When I was that little girl with short tomboy-ish hair, Dad used to rub them dry for me everytime I washed them. After a point, my hair grew too long for him to manage. That was the end of it. He once hinted at a set of toy cars when the same little girl wanted a new plaything. I made a face and chose a Barbie instead. And that was the end of it. When I was still that little girl, he used to buy denims from the garment store for me. After a point, I began to choose floral prints. That was the end of it too.

You see how it is…

  • He won’t ever get to hear another masculine voice at home that he can associate with a person in our family.
  • Our family holiday album from last year doesn’t contain a pic of him playing golf with his son at the Shillong Golf Course.
  • We won’t ever have an argument in the house about which latest bike to buy.
  • I can’t go on trekking trips with him all round the month anytime.
  • He and mom can never imagine being cared for after retirement by a sweet daughter-in-law, like their siblings can.
  • He still has to park both the cars inside the driveway himself every night. [*sigh*.....yeah, I'm still learning the safe parking part...the driveway-cum-parking area is pretty narrow :/]
  • He still has to depend only on himself for calling / hassling / bargaining with usually grouchy car mechanics. [Yeah, I can manage the storekeeper / plumber / electrician / appliance servicing personnel...but mechanics are way too much! Plus I know like practically nothing about the anatomy of an automobile...let alone do even some minor fixing myself. Told you I'm learning. Don't label me the insensitive daughter.]
  • He himself has to do all the putting-of-strings-of-lightbulbs-on-roof-and-walls at Diwali.
  • He has only his voice to drawl along to sad oldie songs on the radio.
  • Dad always has to rely on the judgement of the women in his life [mom and me, sis is way too small. :) ] besides his own judgement, in deciding everything from which t-shirts to buy to where to invest.
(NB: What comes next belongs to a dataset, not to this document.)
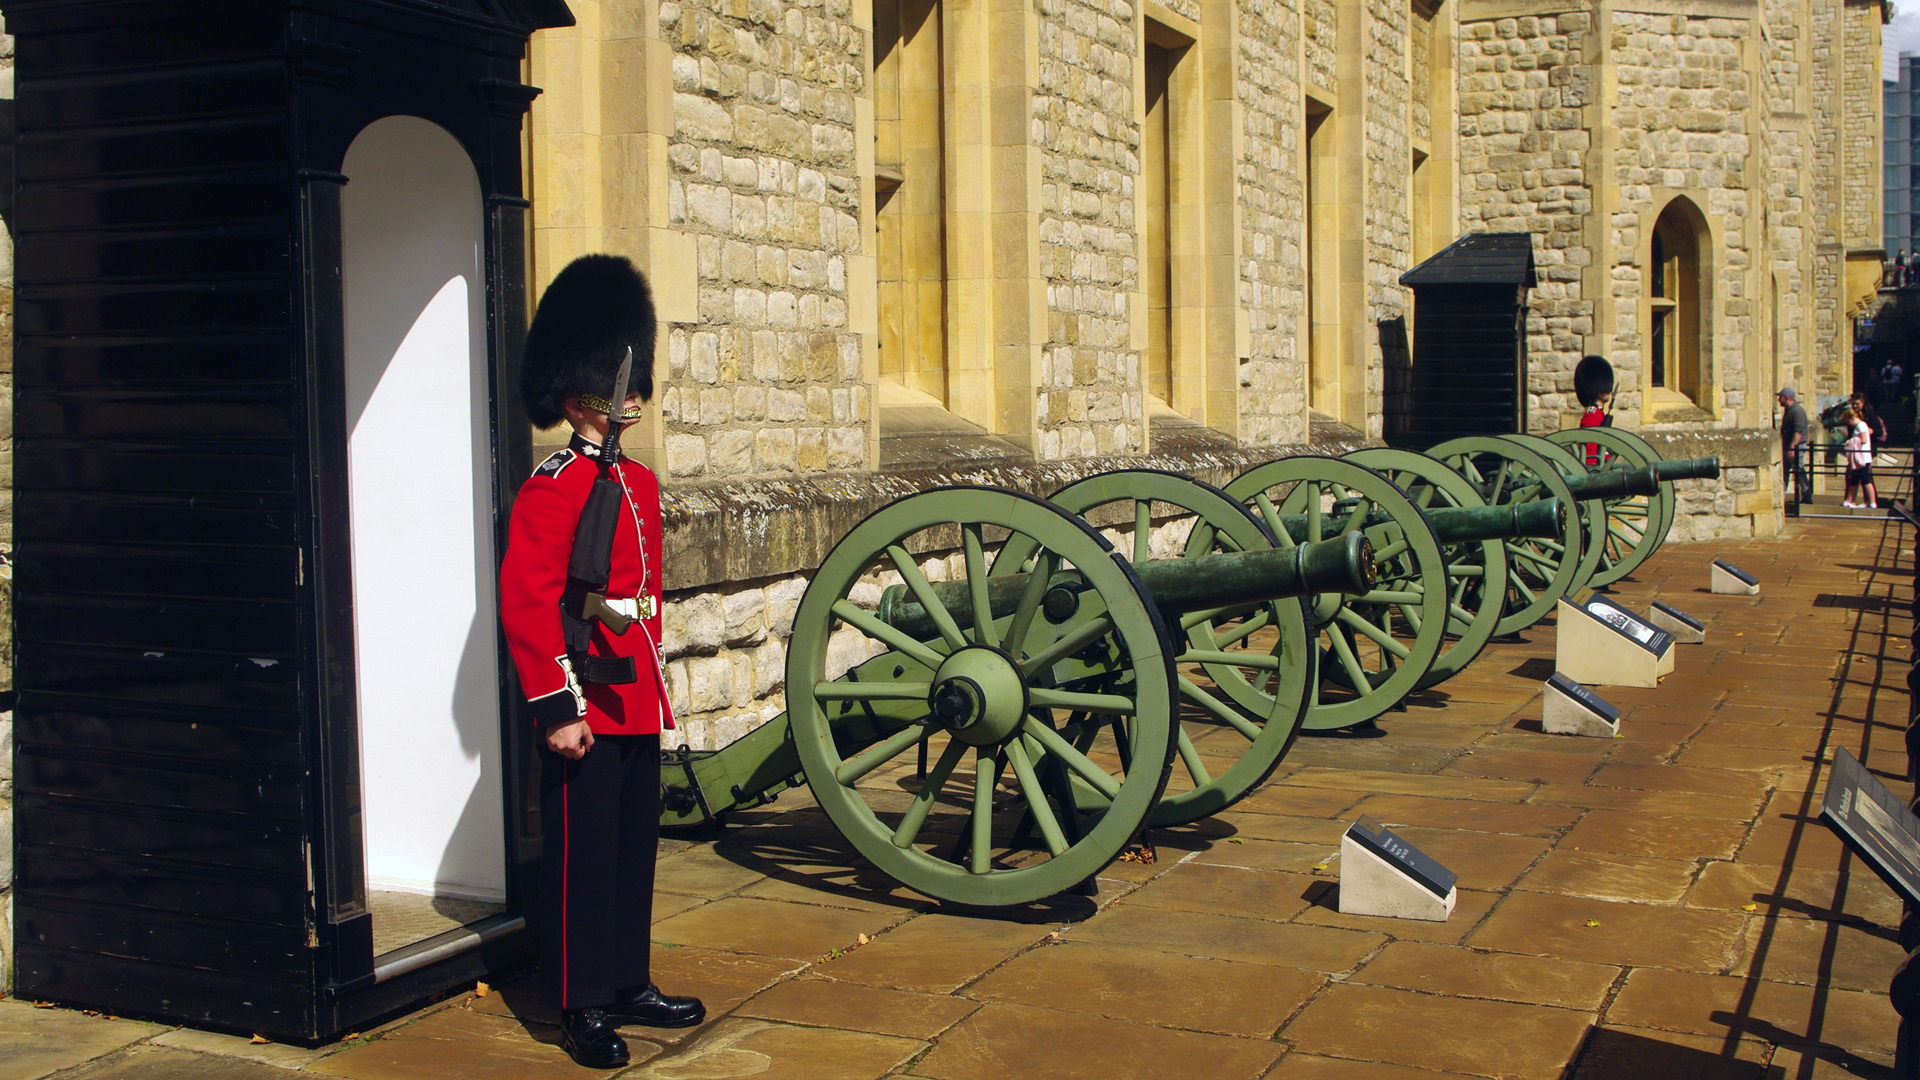 Tower London Guards Waterloo Barracks 1840 Crown Jewels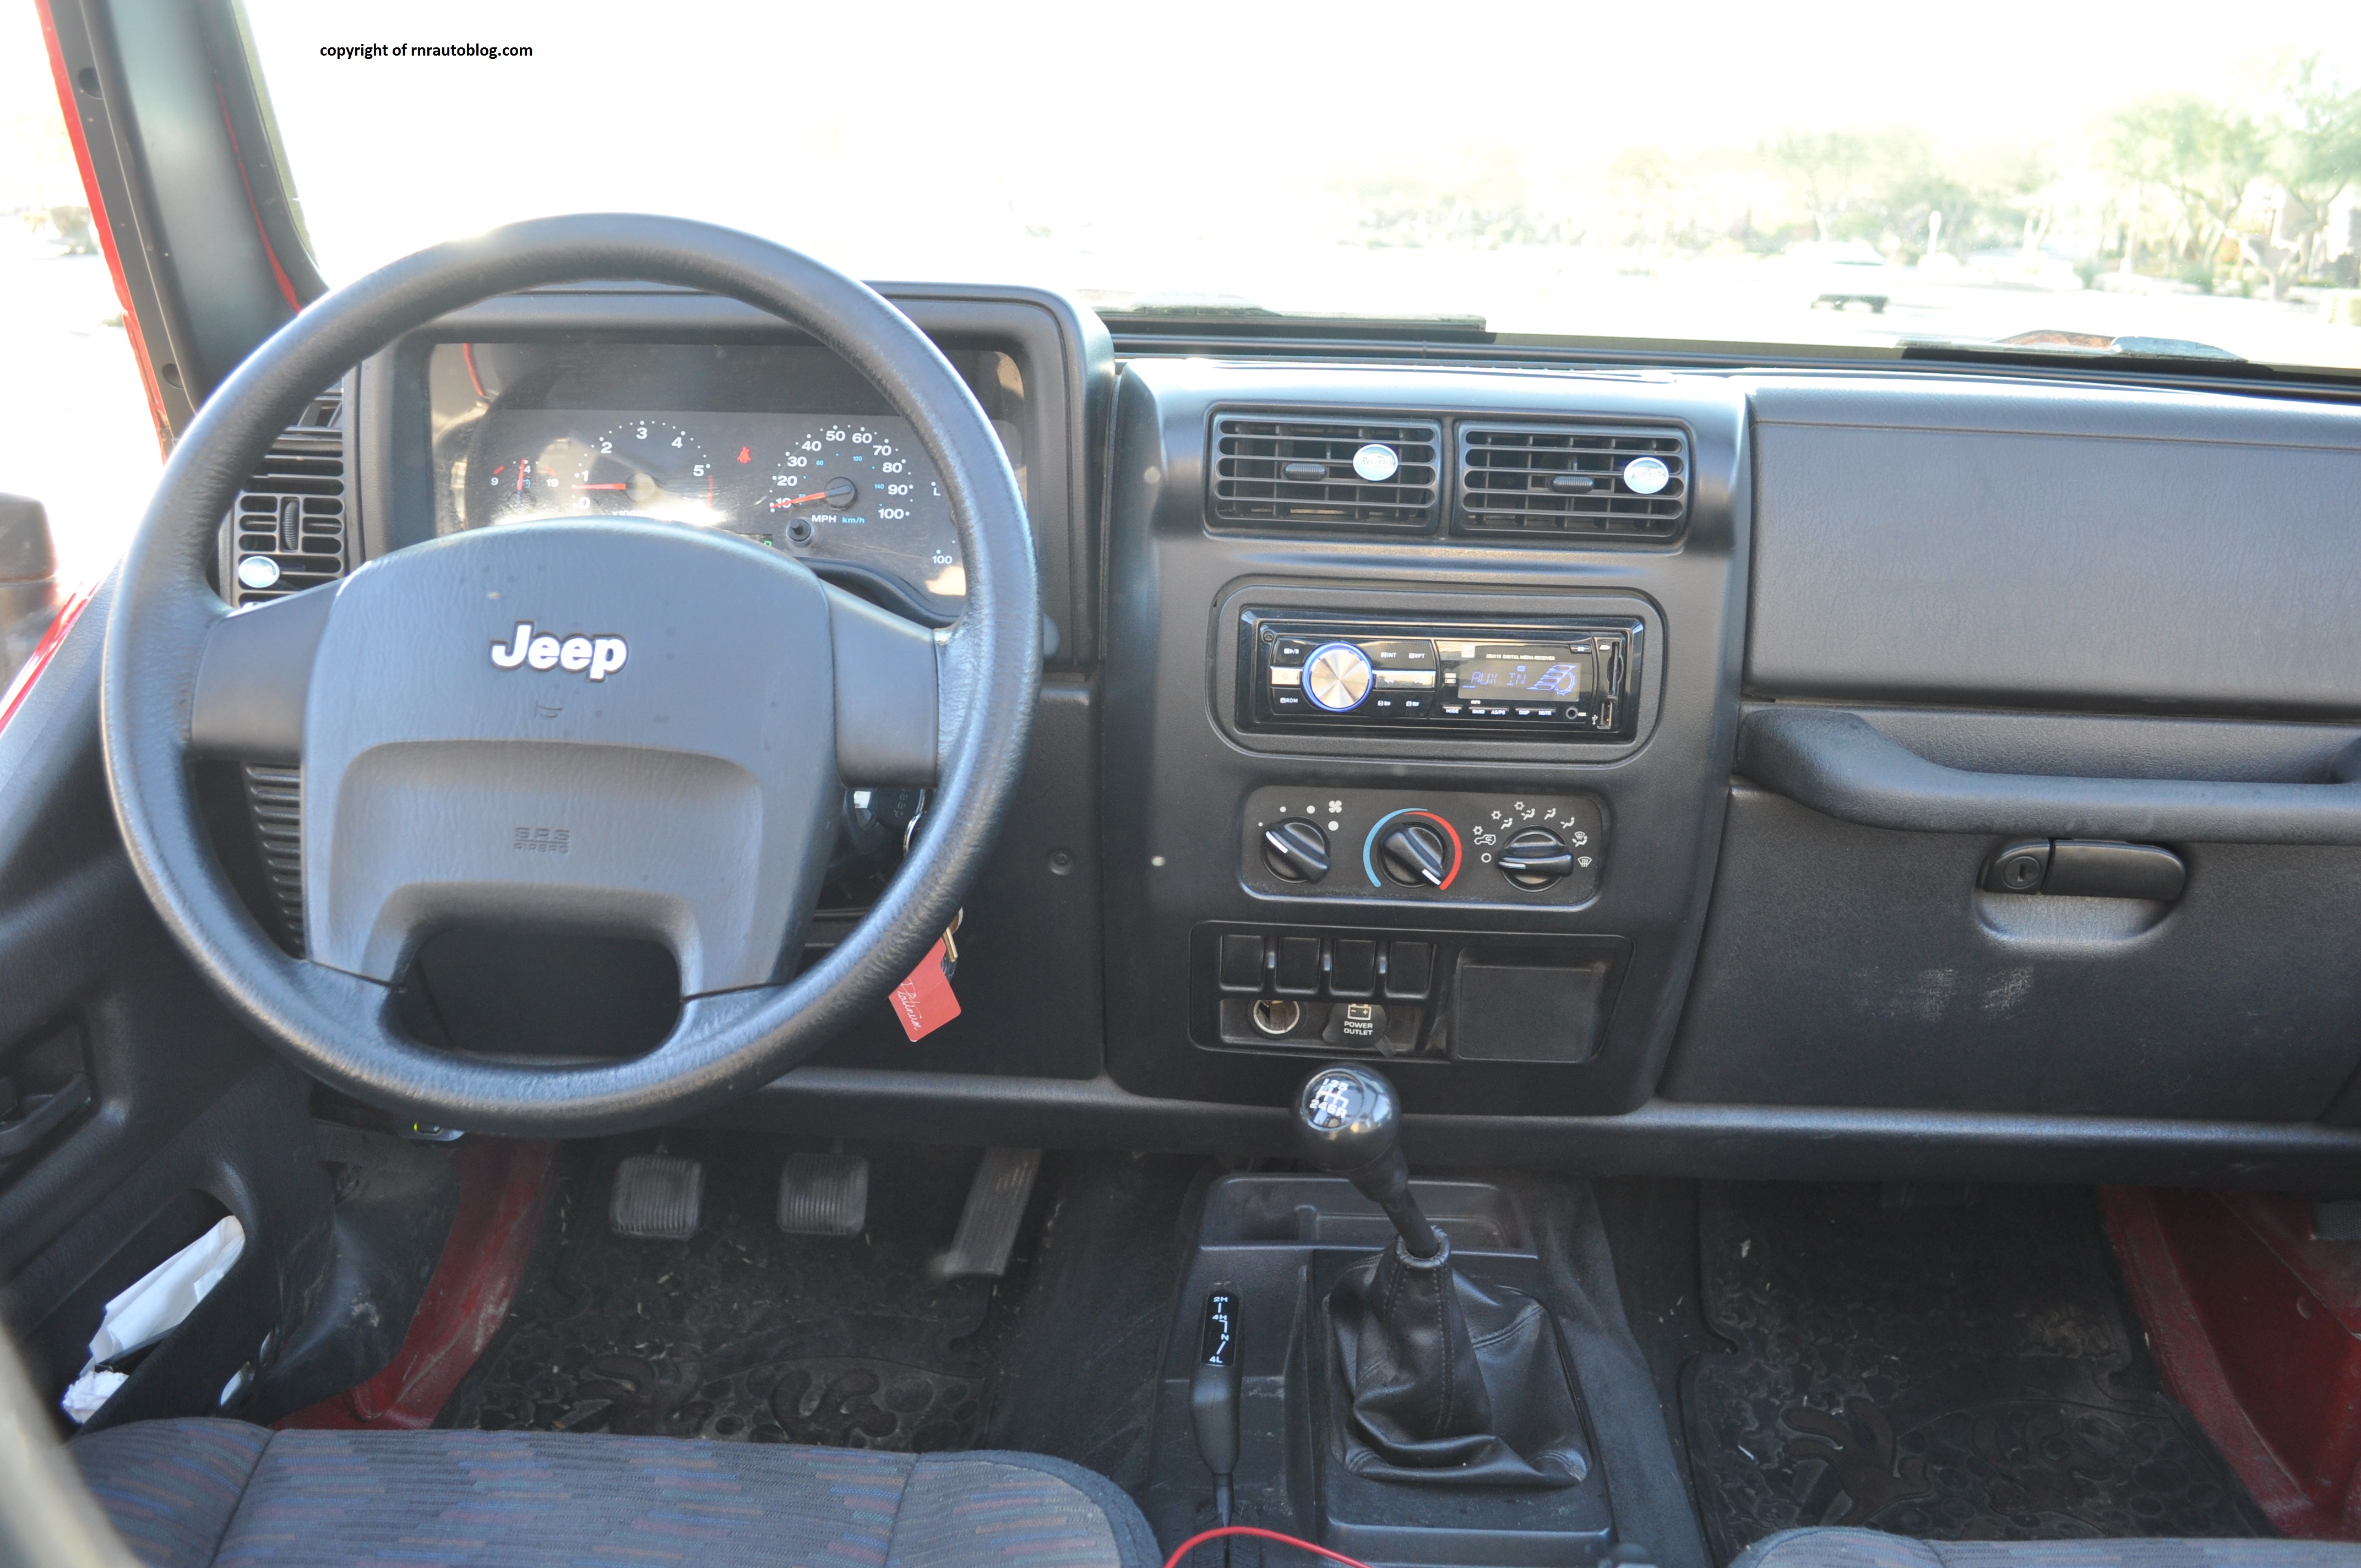 2005 Jeep Wrangler Interior Growswedes Com

He is by far the strongest and yet the most sensitive guy I’ve ever known. Yet, I think he could have done with a little more help in all the everyday stuff. I do help him, but beyond a limit, he wouldn’t let me, or would be extra-thankful, thus propelling me back into I’m-Daddy’s-little-girl mode. And can you ever help anybody when the other person wouldn’t take it, just for the sake of not troubling you, although he needs that help? Yeah, that’s my Pops.

Like when I went to pay the phone and electricity bills for the first time, he gave me an extra 100 bucks for the mere fact of having successfully done so! And only yesterday when his car broke down and he called me to pick him up in mine, he said, “Thank God you can drive now…” And I was like “Sheesh, Dad, Don’t make it so big….” . These are the times I think he thinks I’m going out of my way to help him, which is not the case. Yet, another day, when I hadn’t cleaned up my car for long, he was like “If you drive, maintain the thing as well. See, Mr Y’s son does that every weekend…” and I mentally said to him “How can I help it if you don’t have a son?”
Now I guess that was wrong of me. I took his words in the wrong sense, he never meant to compare me to a son by his words, was only citing an example.

At 52, perhaps a 16-year-old daughter cannot help Dad as much as a guy could have. I might try to fill the gaps for Dad, but still, none of all the stuff that is the business of fathers and their sons will ever transpire between him and a younger guy. I see him looking fondly, almost-wistfully at my guy-friends, and I feel he misses a son in his life.

Don’t worry, Dad. I’ll make you proud one of these days. Just wait. And meanwhile, while you wait, just give me this month’s bills to pay. And oh, the car mechanic’s workshop number too.
I’ll learn about automobile anatomy and money-matters eventually in time. But right now, I think we can go shopping for shirts at least.